I use the AXERA frequently for diagnostic catheterization, based on the favorable results of the SECURE-II and RECITAL trials. Initially, there was a learning curve, just like with any other device. However, I was comfortable using the device without supervision after my 5th procedure, which may vary by operator. Currently, I use the AXERA device in over 50% of my patients. I expect my usage will increase as more data become available in PCI patients. So far, my device success rate has been almost 100% and I have not experienced any major complications in any of my patients. In fact, several of my patients who have had a prior cardiac catheterization with manual compression have reported a more favorable post-catheterization recovery with this technique. Finally, the nurses in the recovery room have commented to me about the impressive ease of hemostasis and the short time to achieve hemostasis.
Why does this method work so well at causing rapid hemostasis post sheath pull?

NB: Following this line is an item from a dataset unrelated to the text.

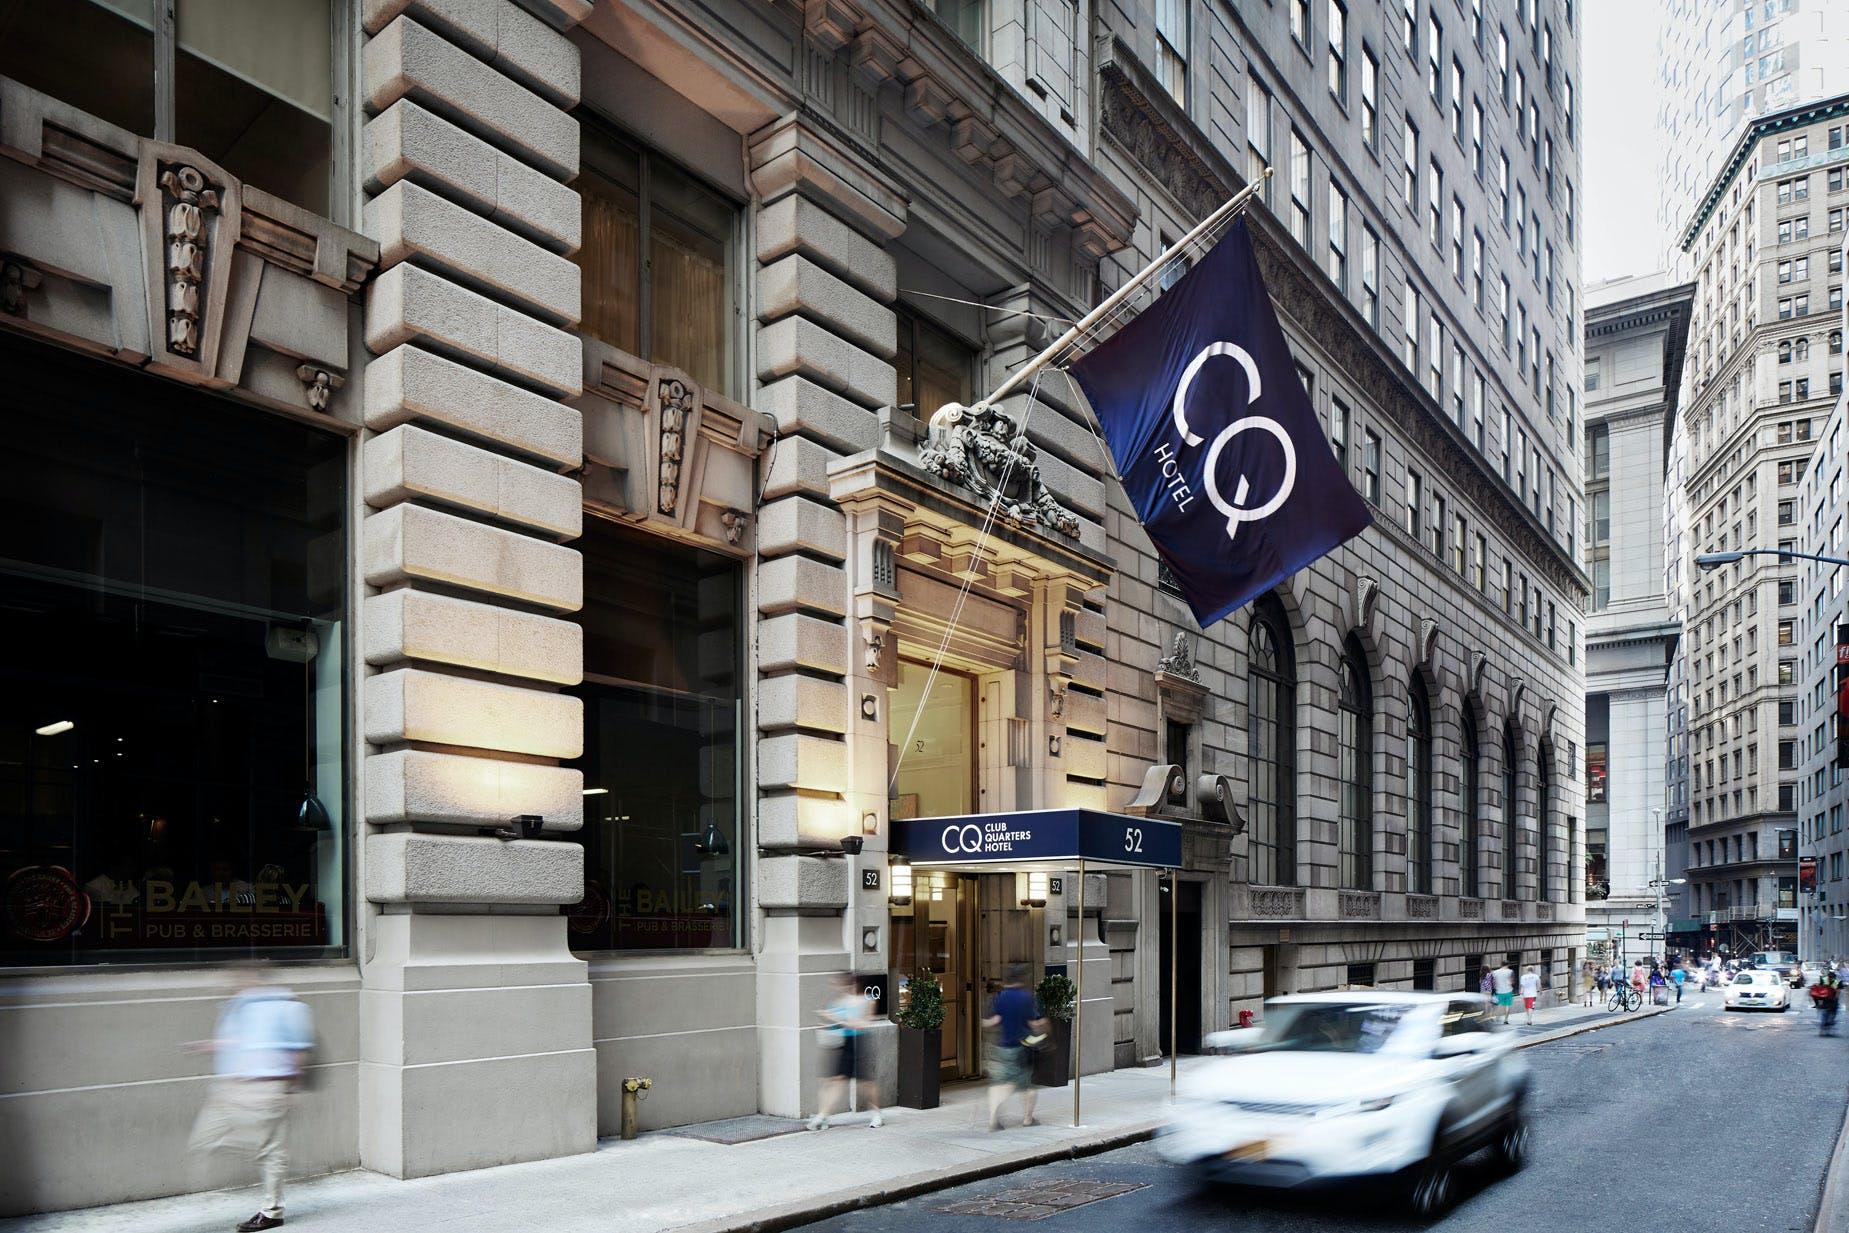 Exterior of Club Quarters Hotel, Wall Street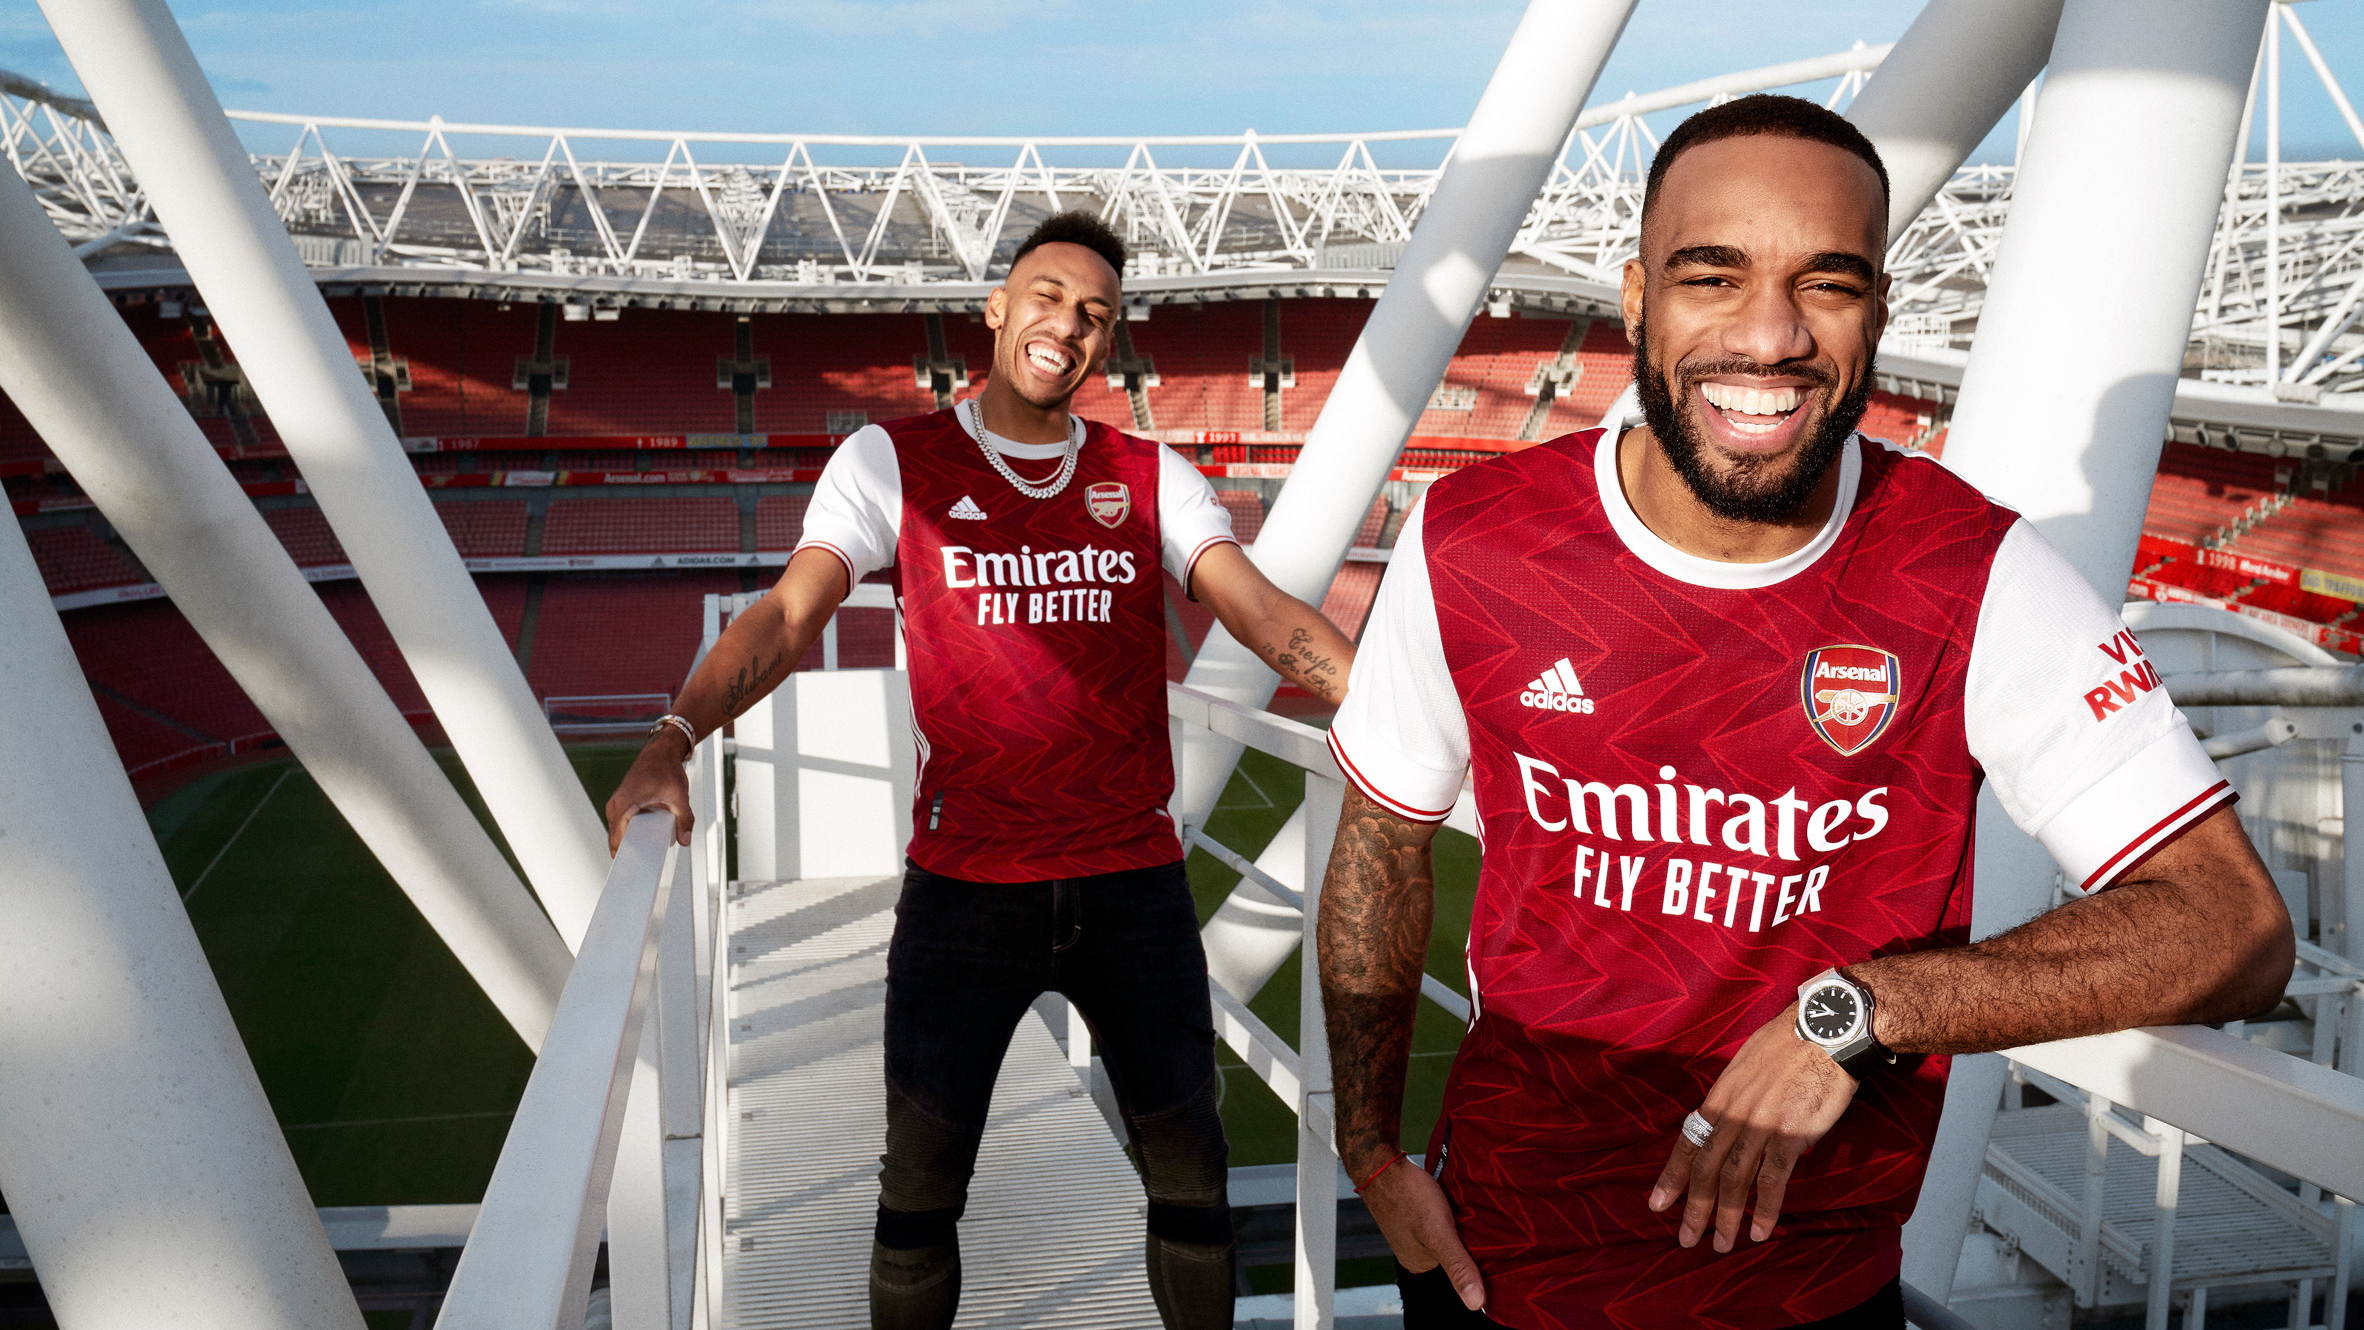 Arsenal S Unveils Chevron Covered Shirt For 2020 2021 Season

There are several technical advantages of the self-sealing arteriotomy approach that potentiate faster hemostasis and a more secure method of closure. First, the device uses an ultra-low angle arteriotomy, which provides a longer and shallower angle tissue tract, allowing for increased arterial tissue-on-tissue contact. This overlap is proving to be a stronger bond and dramatically increases the amount of force necessary to re-open the arteriotomy. Bench top models have proven that the force necessary to dislodge a hemostatic clot within this smaller diameter tissue tract is significantly greater when using this approach as compared to the Seldinger method. Secondly, a longer tissue tract provides extensive exposure to tissue factors that promote the coagulation and arterial healing cascade. The greater tissue-tissue contact affords enhanced fibrin generation to seal the arteriotomy. In essence, the fibrin serves as the “glue” to seal the narrow lumen tract. Lastly, it can be hypothesized that lower pressures induced by greater resistance within the tissue tract may cause the tissue tract to easily collapse upon sheath removal. This collapse is facilitated by greater pressure in the arterial lumen. The Starling resistor principle, which has been extensively employed to model flow in airways, can be applied to the AXERA arteriotomy technique (also termed the Arstaotomy technique). The principle states that a deformable tube will collapse at a point where the pressure in the tube becomes less than the pressure in the surrounding environment. When the sheath is pulled, there is less pressure in the tissue tract, causing the tissue tract to close at that point (the choke point). A reduction in blood flow through the tissue tract is aided by the forces of the arterial lumen exerting external pressure on the tissue tract. The mechanical and biological advantages of this clinically proven self-sealing arteriotomy approach may explain the absolute absence of post-discharge re-bleeding. The implant-free nature of this approach seemingly also facilitates easy acute, late, and re-access.
Our center plans on expanding our understanding of hemostasis with the self-sealing arteriotomy technique by evaluating the influence of thrombogenicity (coagulation and platelet function) on time to hemostasis in patients undergoing cardiac catheterization treated with the AXERA femoral access system.